All of the data that follows is to be printed exactly, without pictures.

RECORDED DATA =
+---+
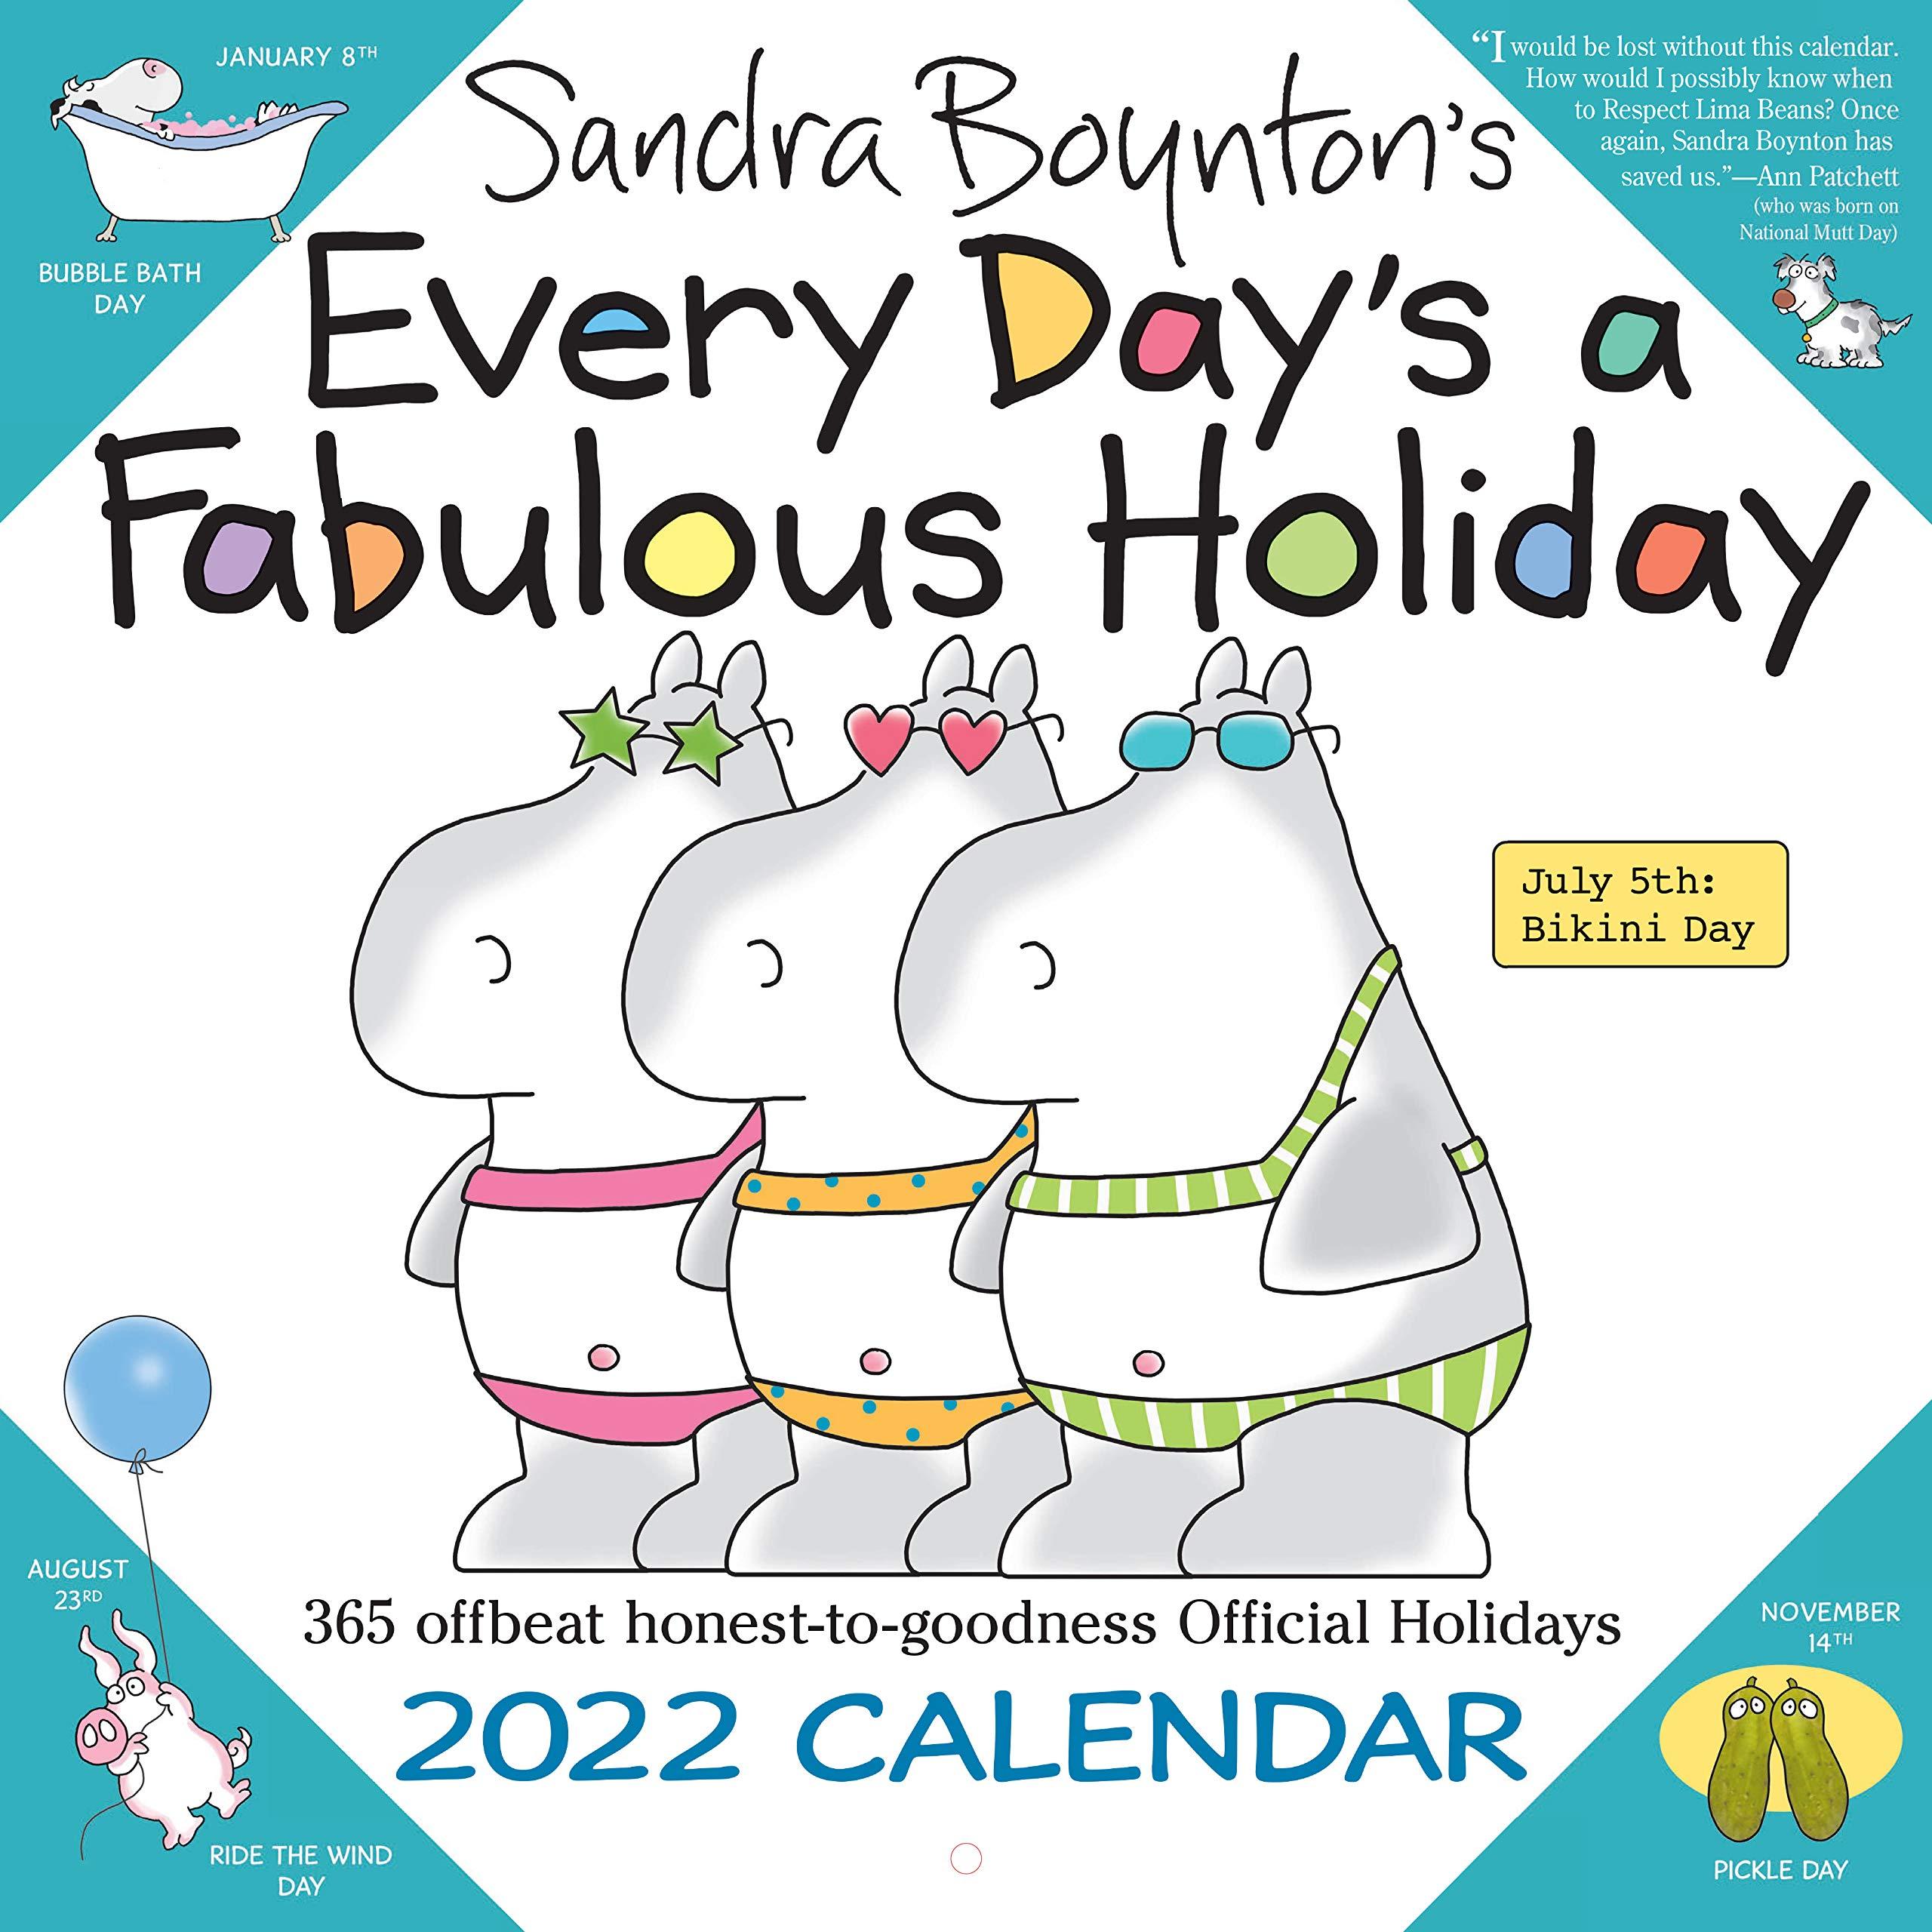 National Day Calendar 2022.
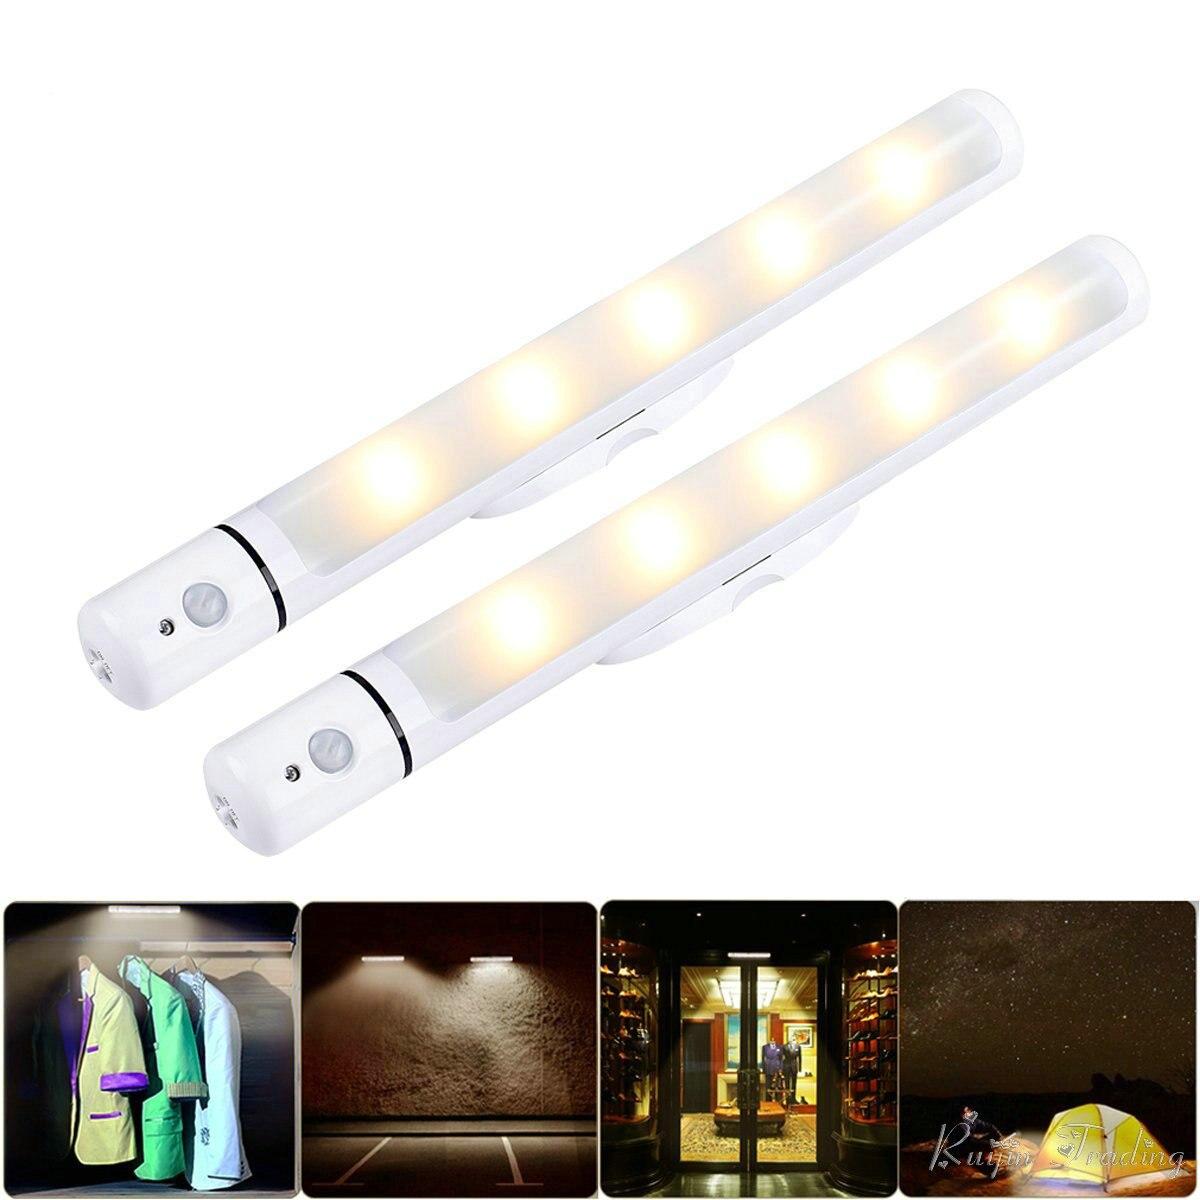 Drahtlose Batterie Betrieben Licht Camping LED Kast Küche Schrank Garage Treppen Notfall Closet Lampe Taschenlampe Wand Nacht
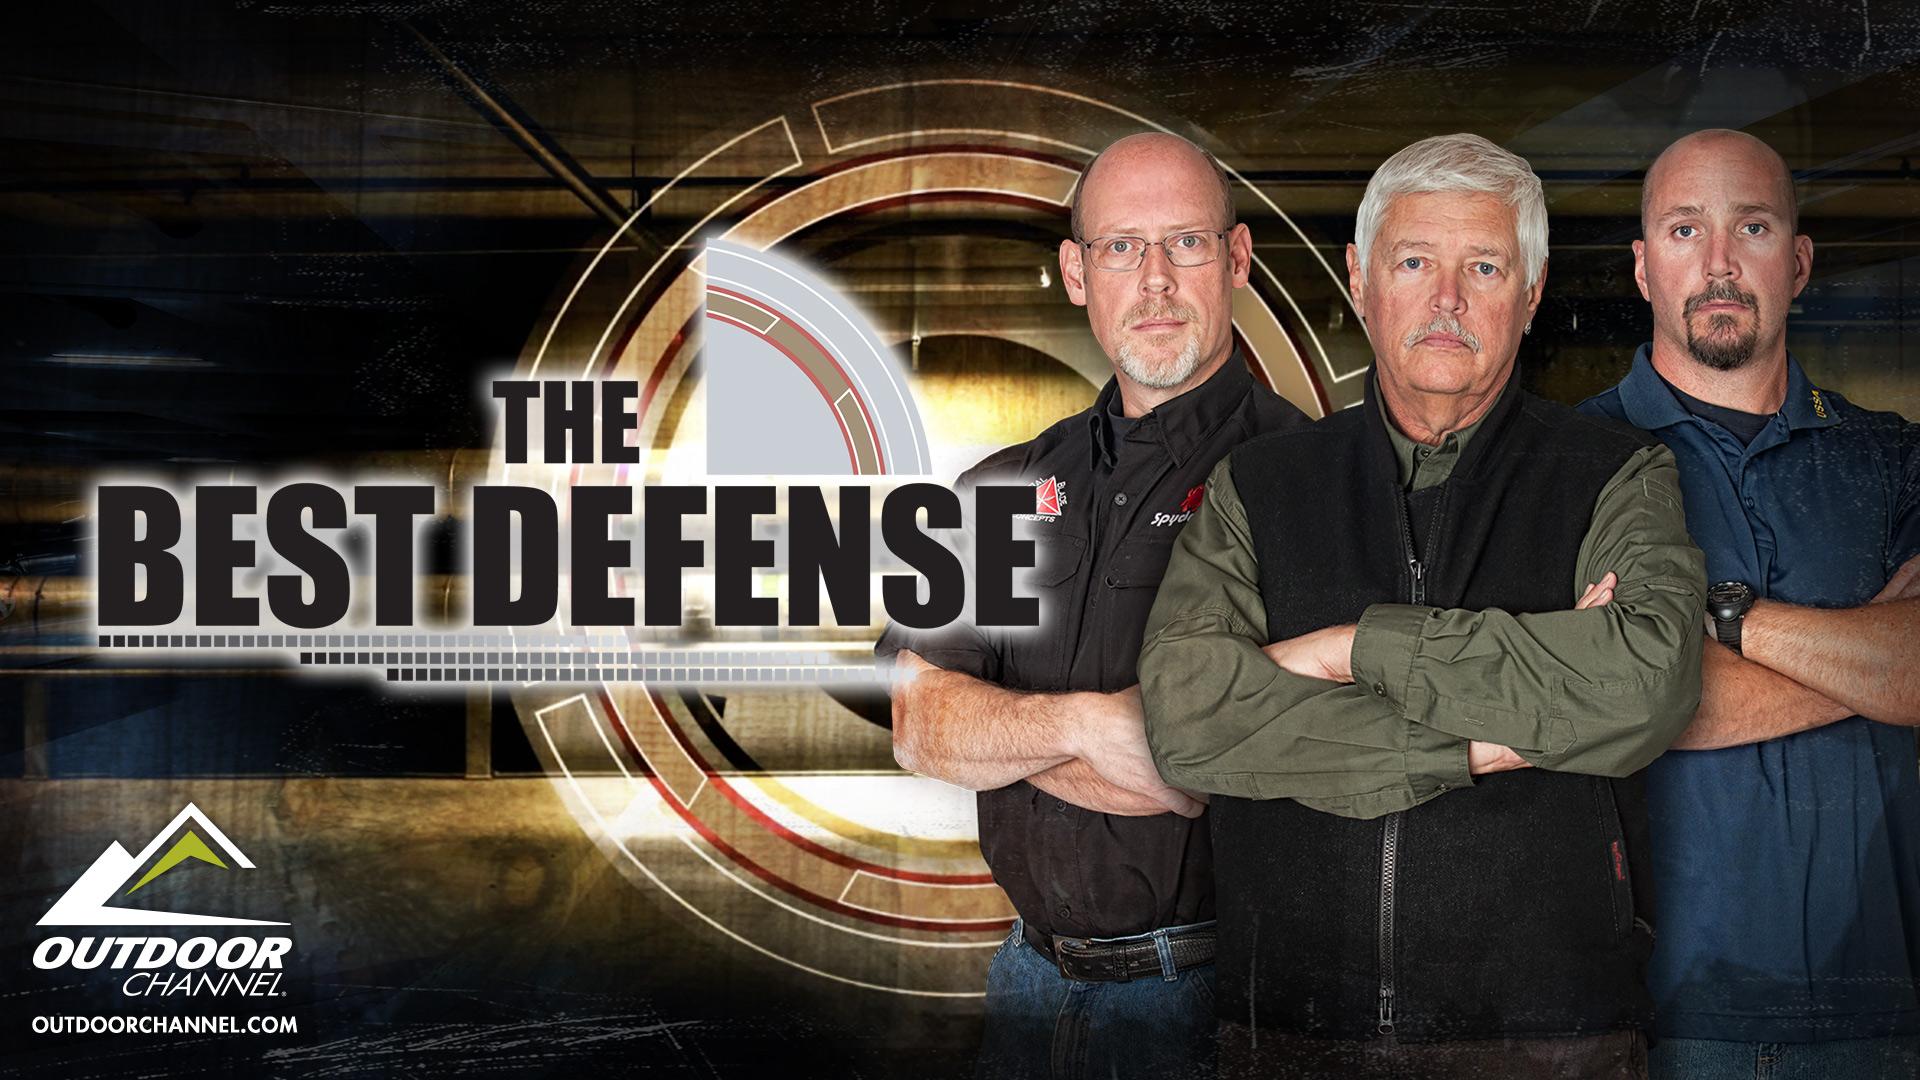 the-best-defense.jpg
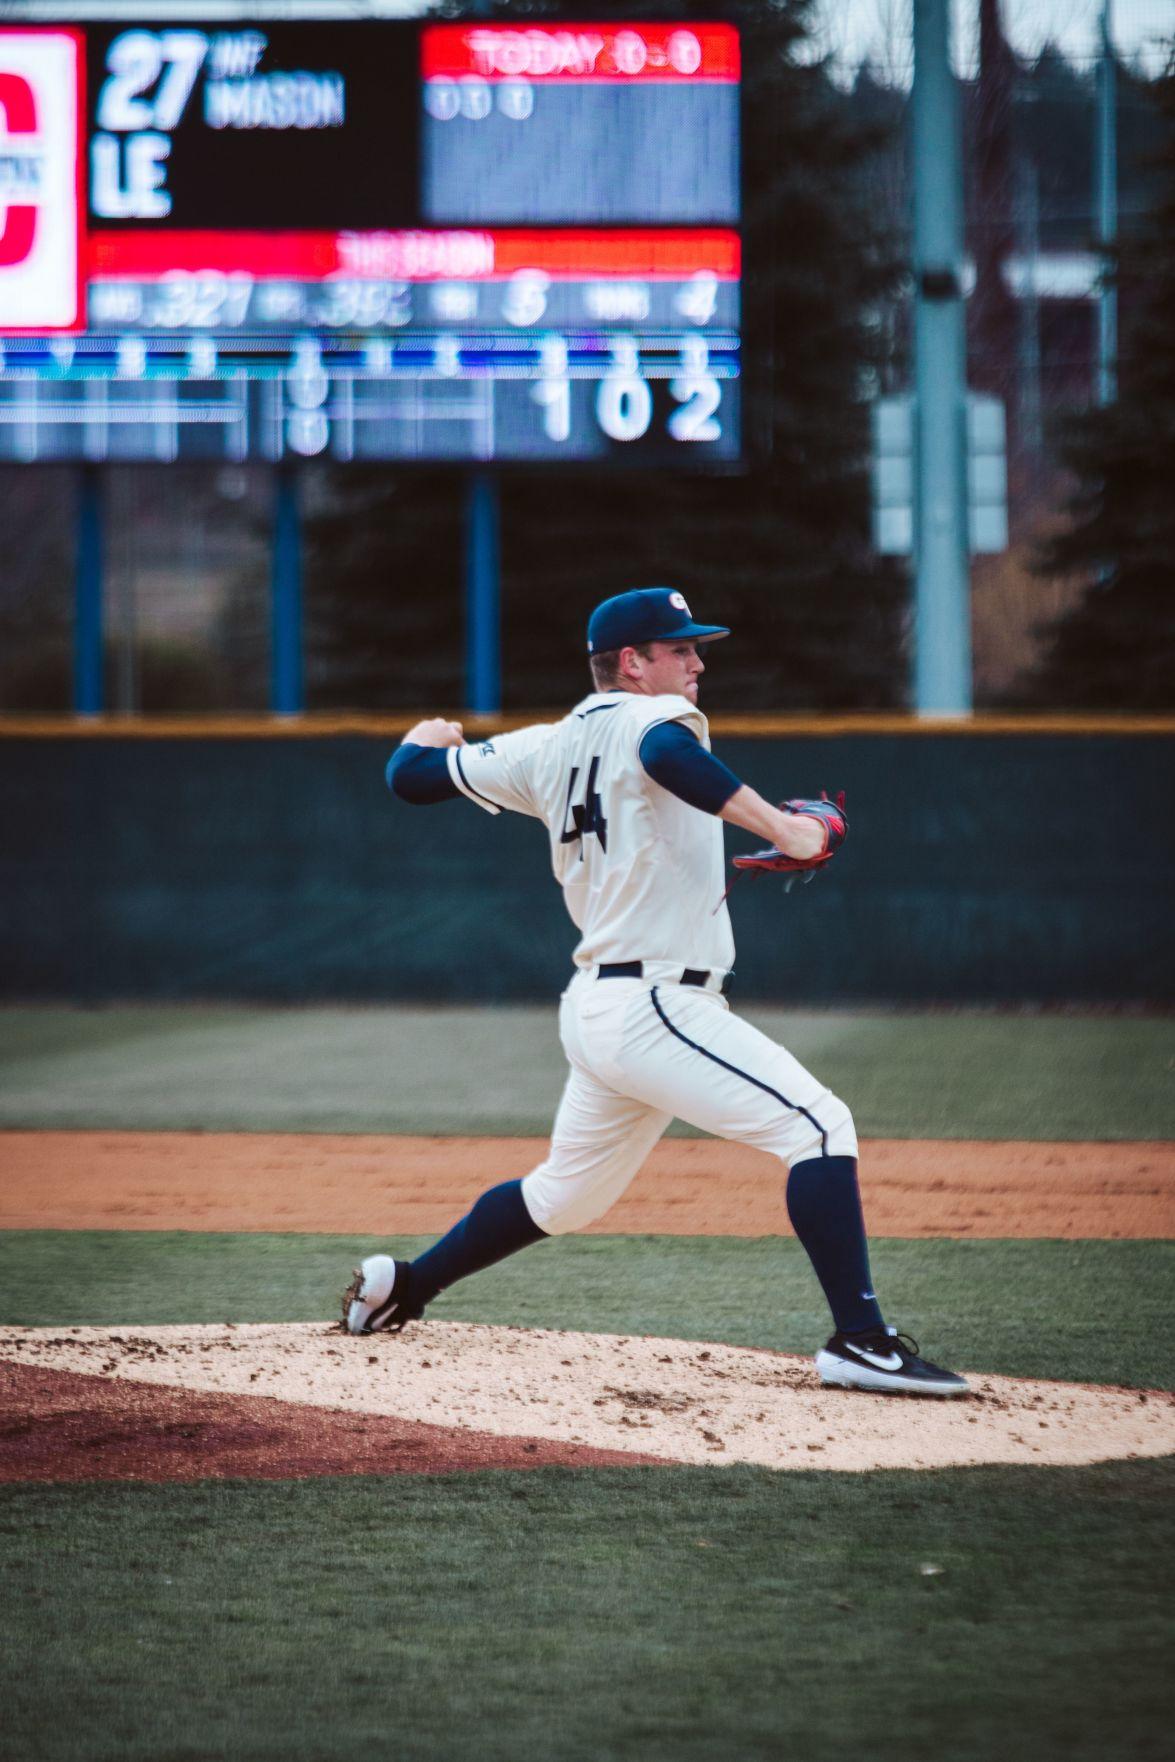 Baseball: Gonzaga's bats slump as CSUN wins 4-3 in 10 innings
+---+
RESULT FOR THIS TASK =
 National Day Calendar 2022.
 Drahtlose Batterie Betrieben Licht Camping LED Kast Küche Schrank Garage Treppen Notfall Closet Lampe Taschenlampe Wand Nacht
 the-best-defense.jpg
 Baseball: Gonzaga's bats slump as CSUN wins 4-3 in 10 innings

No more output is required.